We knew FidelityFX wasn't the same already. They have not evaluated the new Super Resolution, a new feature being added, that they have not tested
They more than likely have the API for it. But 4A doesn't need it. It's a software solution anyway and they know their graphics engine better than anyone.
 

LiquidMetal14

hide your water-based mammals
I'm interested to see how their 1.0 will be vs what nvidia has because nvidia has spent millions in R&D and a long while to get to the 2.0 implementation we have now on PC.

Squeezing that extra performance at not cost is always welcome.
 

truth411

Member
What make you think it will be as good as DLSS 2.0?

Even if its not and say with AMD verison you have to have a little more resolution to equal DLSS 2.0 performance, thats still a huge performance savings.
My Guesstimate

AMD FX 1600p = Nvidia DLSS 1440p In performance.

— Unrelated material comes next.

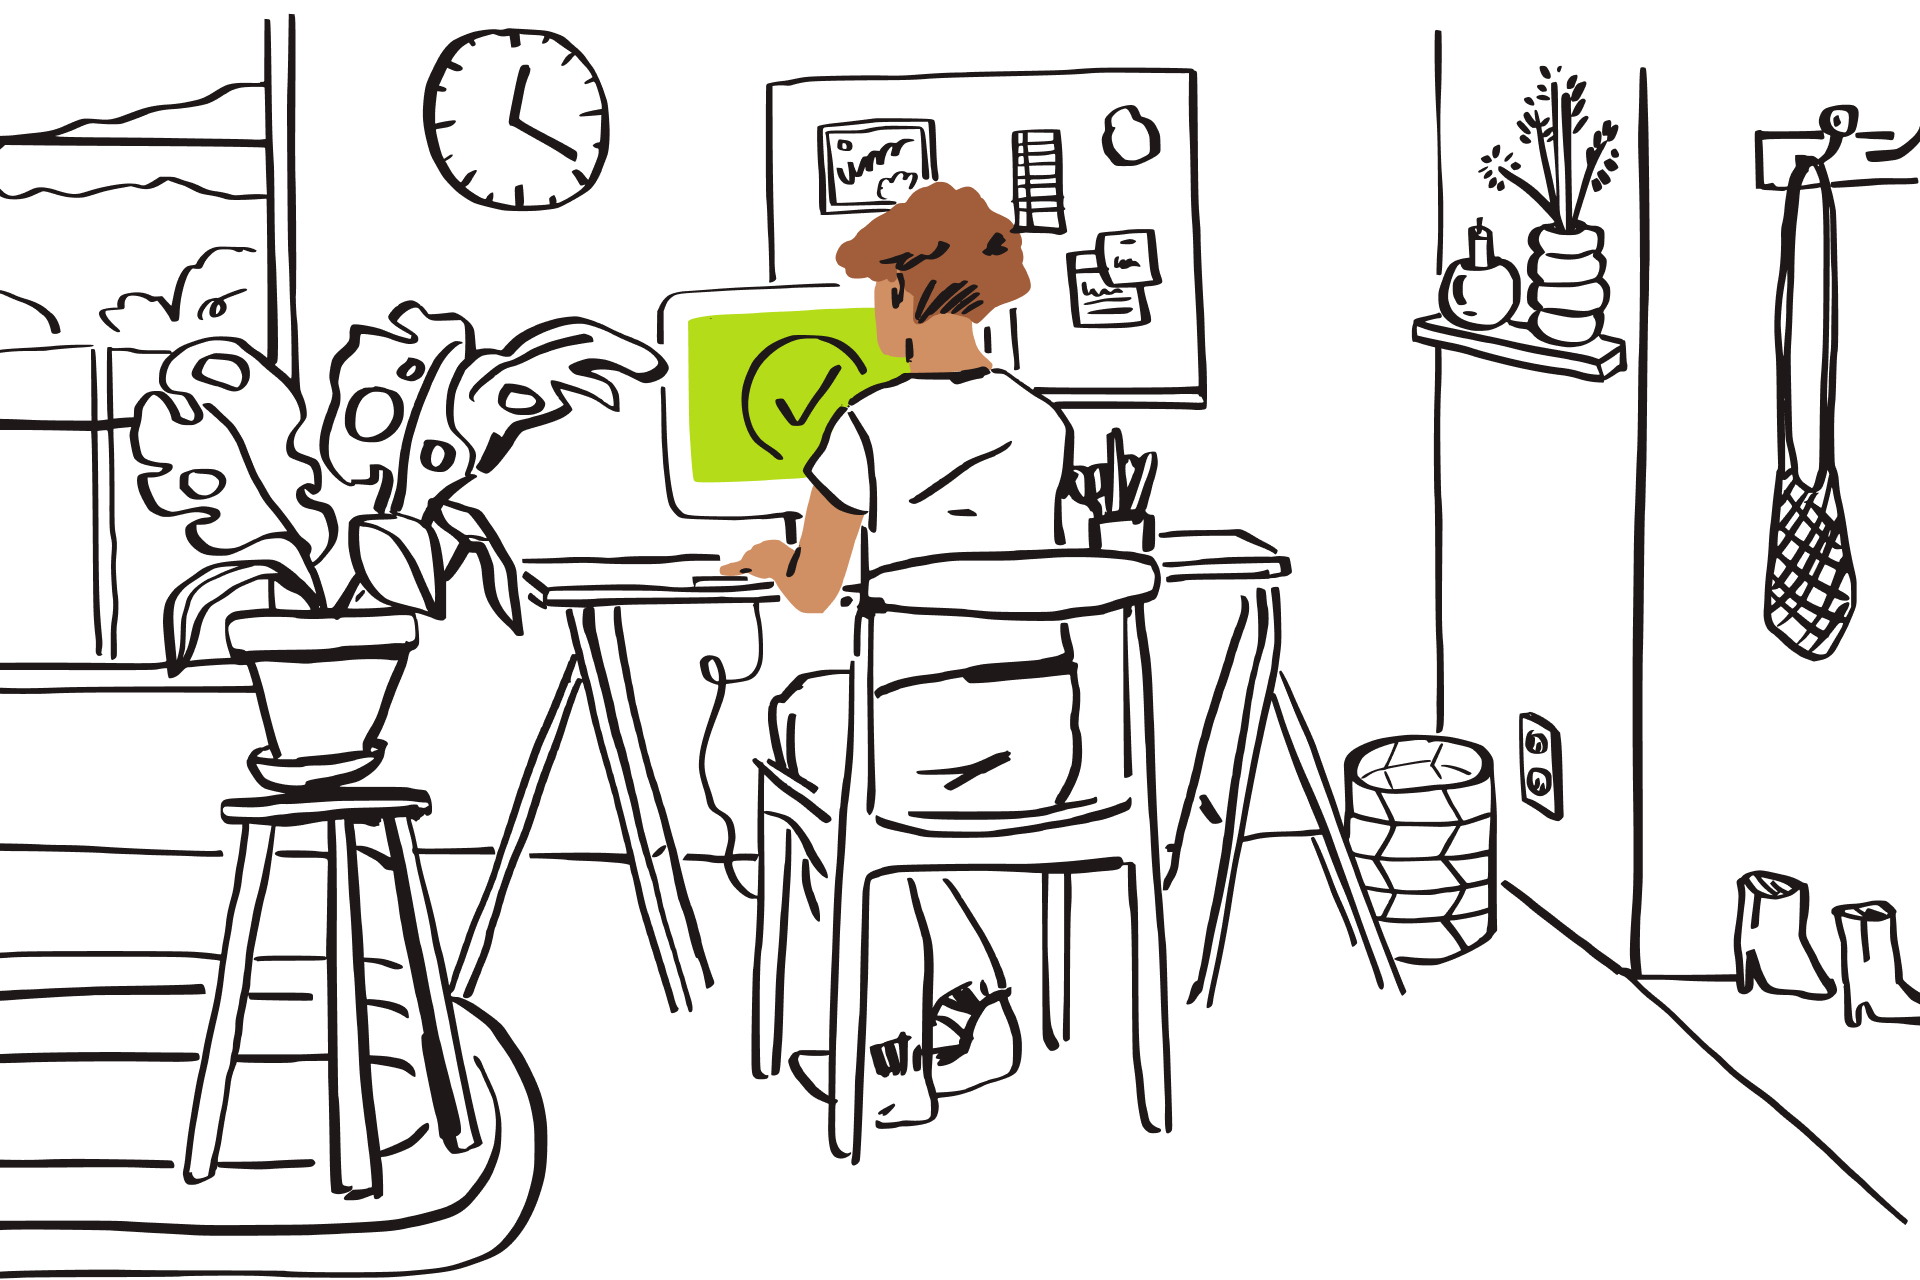 一间房间的黑线插图，一个人坐在电脑前打字，屏幕是绿色的，还有个勾号图标
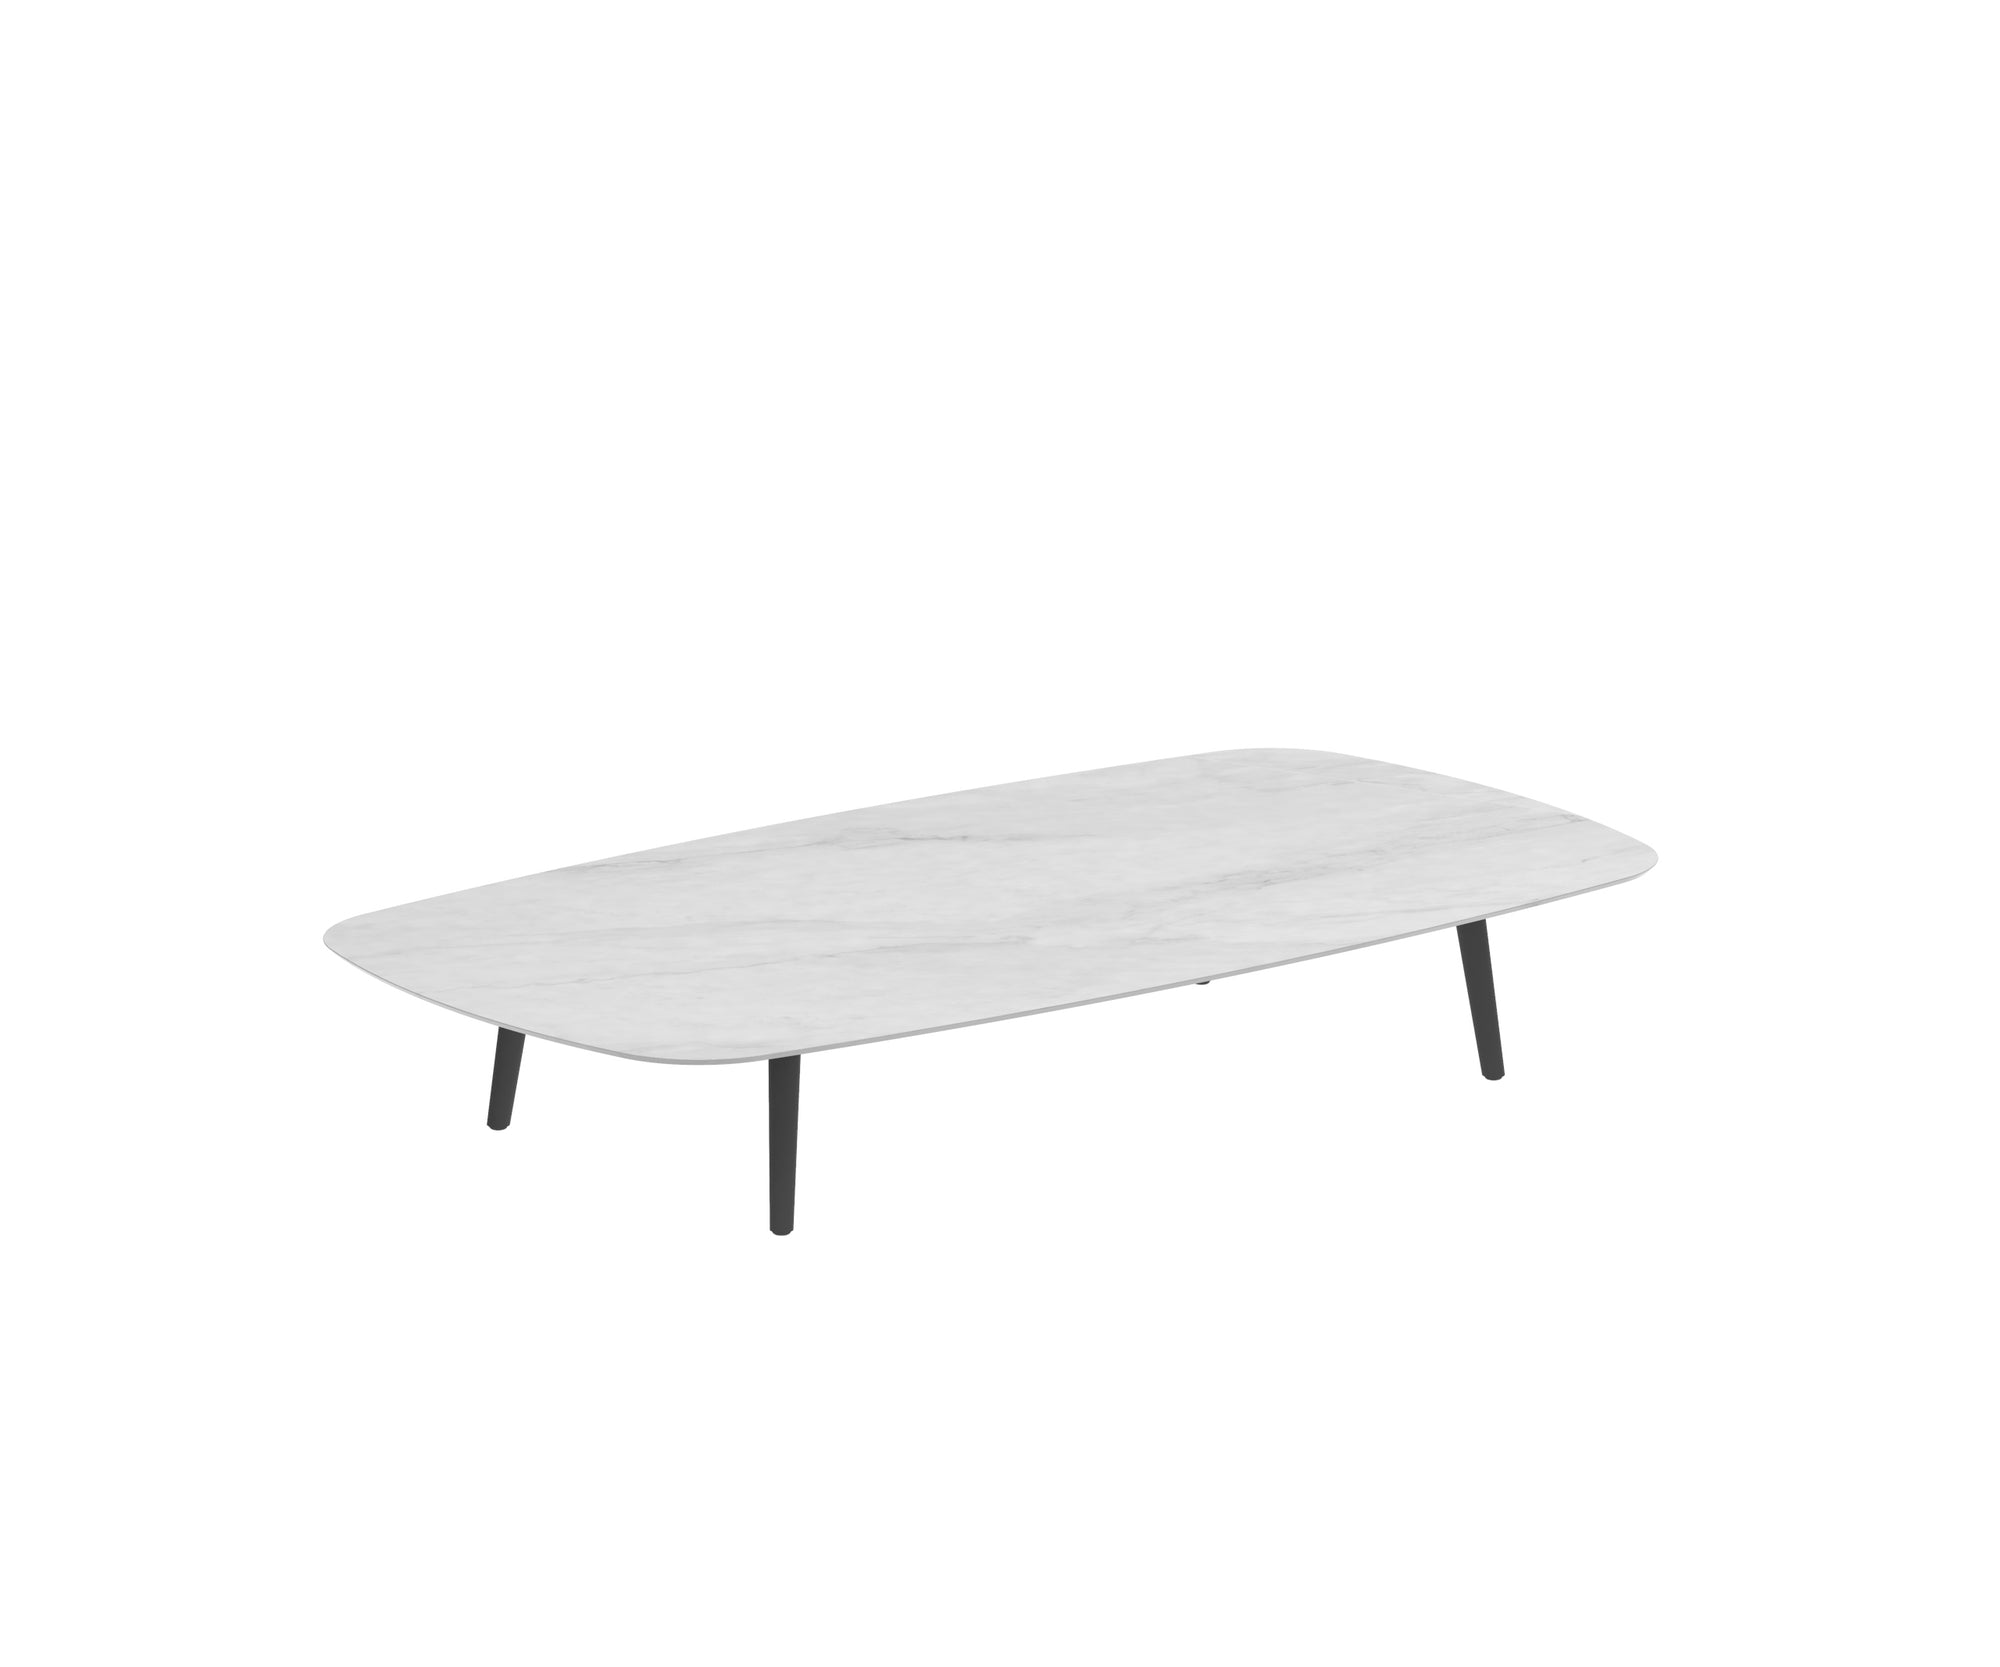 Styletto Rectangular Low Lounge Table | Royal Botania

Thats still a huge performance savings compared to native 4k. And the performance savings can be repurposed elsewhere.
 

Rikkori

Member
There is no reason why it can't be the same qualitatively as DLSS 2.0. The question is more about the performance difference and whether they'd take the performance or the quality. The only thing DLSS does anyway is the clamping step, which is what the ML is trained for. That's it. Then there's a cost to run that model on the GPU during runtime, which is where the performance difference would emerge (due to no tensor cores). Though even here it's not necessarily a given that FSR would be slower, after all RDNA 2 has the edge over Ampere in FP16 (3080 = 30 TF vs 6800 XT = 42 TF FP16).

That being said, if it's the same quality but let's say it lacks 10% of the performance saving of DLSS, is anyone gonna cry over that? Naaah.
 
I doubt it will have much impact.

There are already various reconstruction methods available which produce a reasonably convincing 4k image from a roughly 50% base.

And nobody thinks it's gonna be as good as DLSS, so it's unlikely to be SIGNIFICANTLY better than something like checkerboarding.

So I'm not sure there's really a need for another offering.

At best it'll just mean slightly more convincing reconstructions (ie no added performance) and an off the shelf solution for studios still just using 1440p.

I hope I'm wrong but I doubt it's gonna be game changing.
well DLSS is undoubtably game changing so anything in that same ballpark will be a massive boon to consoles
 

Hunnybun

Member
well DLSS is undoubtably game changing so anything in that same ballpark will be a massive boon to consoles

Well from what I understand DLSS offers 4x the base resolution for results significantly better than checkerboarding (2x the base res).

I guess if AMD's thing could get something like checkerboarding at maybe 3x the base res then that would be a worthwhile improvement. Guess we'll see.